«Конечно, дикарь не станет ломать себе головы над своими собственными произвольными движениями, которые ему кажутся естественными и сами собой понятными. Увидев же в природе неожиданные, странные движения, он инстинктивно проводит аналогию между ними и своими собственными» (Мах, 2005, с. 114). Таким образом, чувство движения уподобляется животной способности, служащей «примитивным» источником веры в определенный характер природных перемен. Отвергая «примитивные представления» и одновременно утверждая, что формальная механика страдает непоследовательностью, Мах пишет историко-критический очерк развития механики, где резко критикует ньютоновские концепции пространства и времени. (Эта книга произвела сильное впечатление на Эйнштейна.) Мах призывал навсегда избавить физику от пережитков «примитивного» мышления вроде пространства, времени и субстанциальной (первичной) силы. У нас не может быть знания, которое выходит за пределы экономно упорядоченных суждений, выражающих взаимоотношения чувственных элементов, этих «кирпичиков» феноменального мира, убеждал он[201]
.Мах настаивал на том, что слово «сила» означает в механике математическую функцию, и только. «Всё, что нам может быть желательно знать, дается нам решением задачи математической формы, определением функциональной зависимости чувственных элементов друг от друга. Раз нам известна эта зависимость, знание „действительности“ исчерпано» (Мах, 2005, с. 300)[202]

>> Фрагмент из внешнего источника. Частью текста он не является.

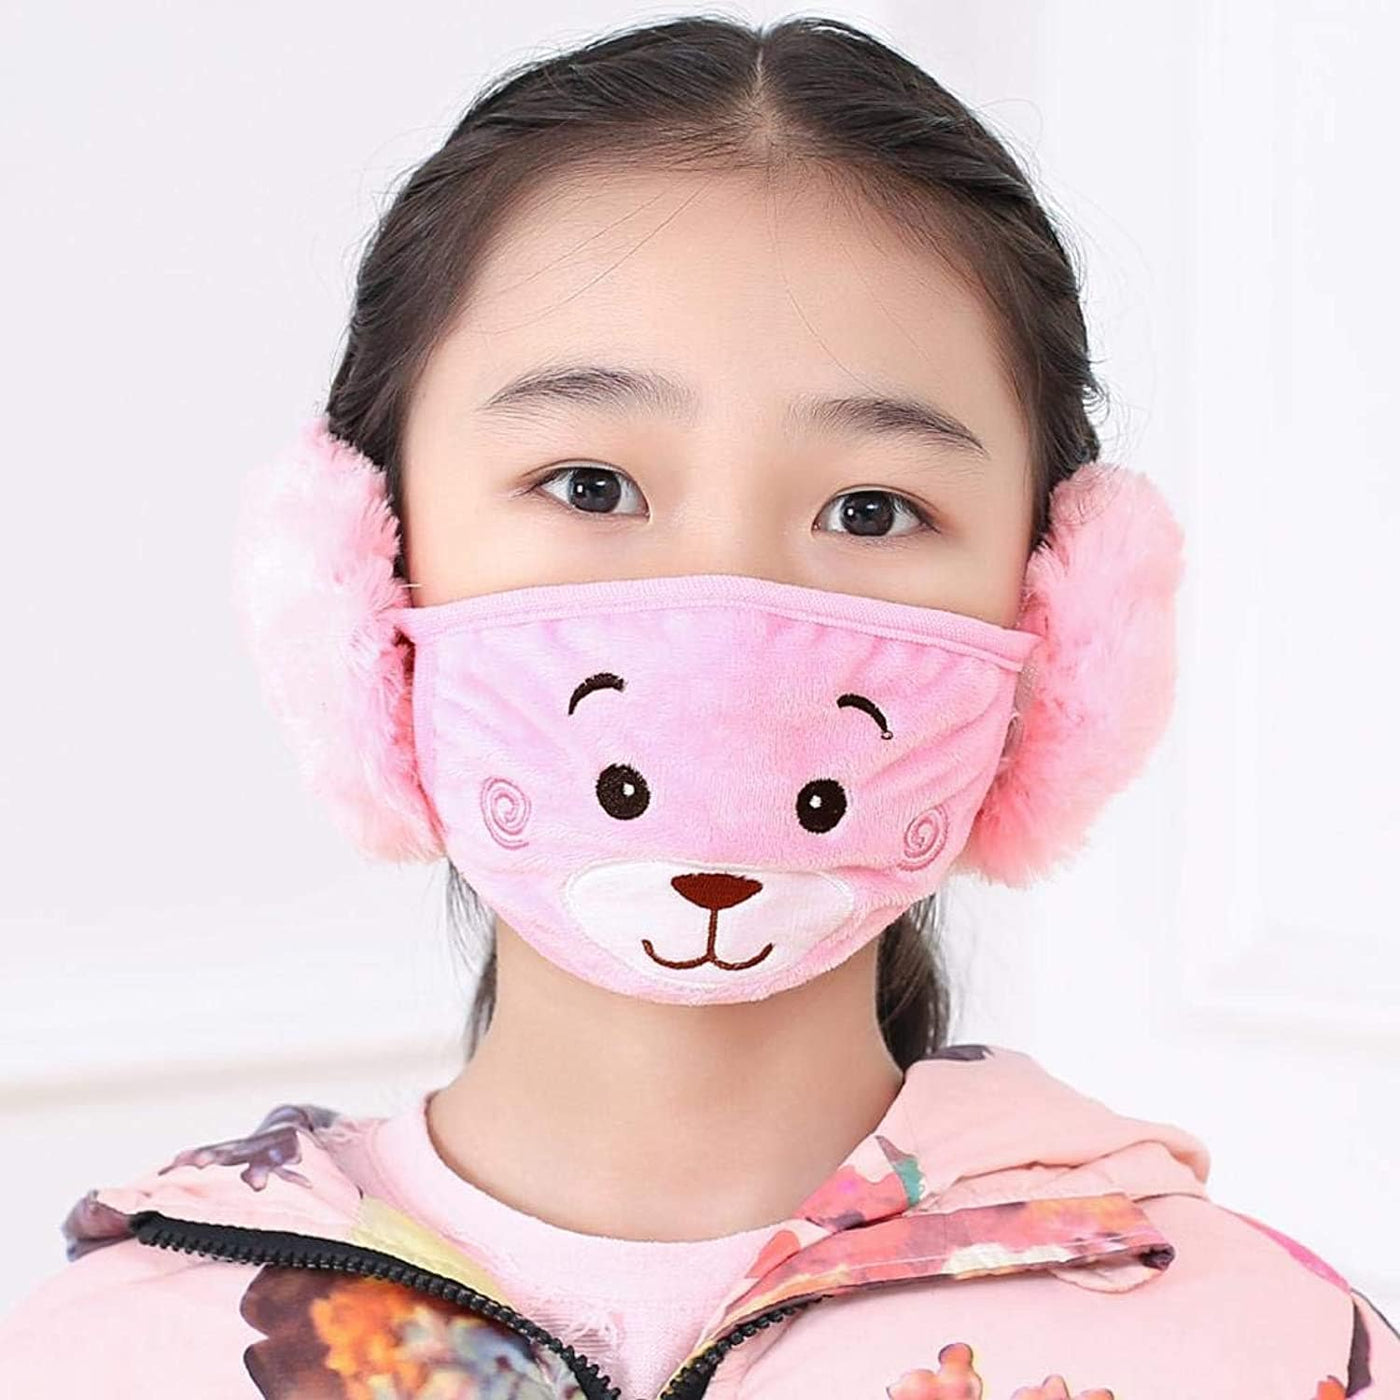 LAMANSH Winter Masks Multicolor / Fabric / Pack of 5 LAMANSH® 5 pc Girls/Boys Warm Winter Face Mask with Plush Ear Muffs Ear Covers Pack of 5 (Size 3-16 Years)

. Что касается причин и следствий, то это переменные величины, возникающие во временной последовательности; закономерности отношений между этими переменными, выраженные в самой простой, количественной форме, и составляют научное знание. Широкая притягательность понятия силы как причины, а также представление о ее «примитивности» связаны, по мнению Маха, с присущей человеку потребностью воображать концептуальные инструменты освоения мира. Однако Шопенгауэр, а еще раньше буддизм показали ошибочность попыток принимать мнимое за действительное (Blackmore, 1972, p. 286–299).Тема антропоморфизма заслуживает пристального внимания. Как заметил Ницше, в силу того, что человек есть субъект познающий и наблюдающий, все наше знание в известном смысле антропоцентрично. Временами, однако, ученые – и позитивисты, и рационалисты – строили свои рассуждения таким образом, словно допускали возможность некой богоподобной позиции, которая позволяет конструировать познание независимо от познающего субъекта. Всякую попытку включить познающего субъекта в структуру познания они тут же объявляют антропоморфизмом. Между тем эпистемологический вопрос об отношении познающего субъекта к познанию – это одно, а тип мышления, при котором происходит перенос на природу человеческого образа и способа действия, – это совсем другое. Да, если философ принимает за точку отсчета или основу познания наше «я» или наш язык, то он идет по пути, когда представления о людях или о языке людей (или об отражении людей в языке) неизбежно накладываются на природу. Долгая история теорий силы хорошо иллюстрирует сложность проблемы. Скажем, для Мен де Бирана источником нашего понятия о причинности в природе действительно служит неопосредованная апперцепция, или осознание, действующей силы – воли. Обозначив таким образом необходимую основу познания, Биран тем не менее осмотрительно разграничивал наши представления о причинности и природную причинность как таковую. В свою очередь, Ницше отвергал Бираново понимание субъективного «я», считая его в числе прочего языковой условностью. Сам по себе антропоморфизм его не интересовал, скорее, он выступал противником того «я», от которого отталкивался Биран в своих рассуждениях и на базе которого строились антропоморфические теории. Ницше охотно прибегал к метафорам силы – вспомним хотя бы «волю к власти», но это ни в коем случае не указывает на его антропоморфизм, по крайней мере, в общепринятом смысле слова.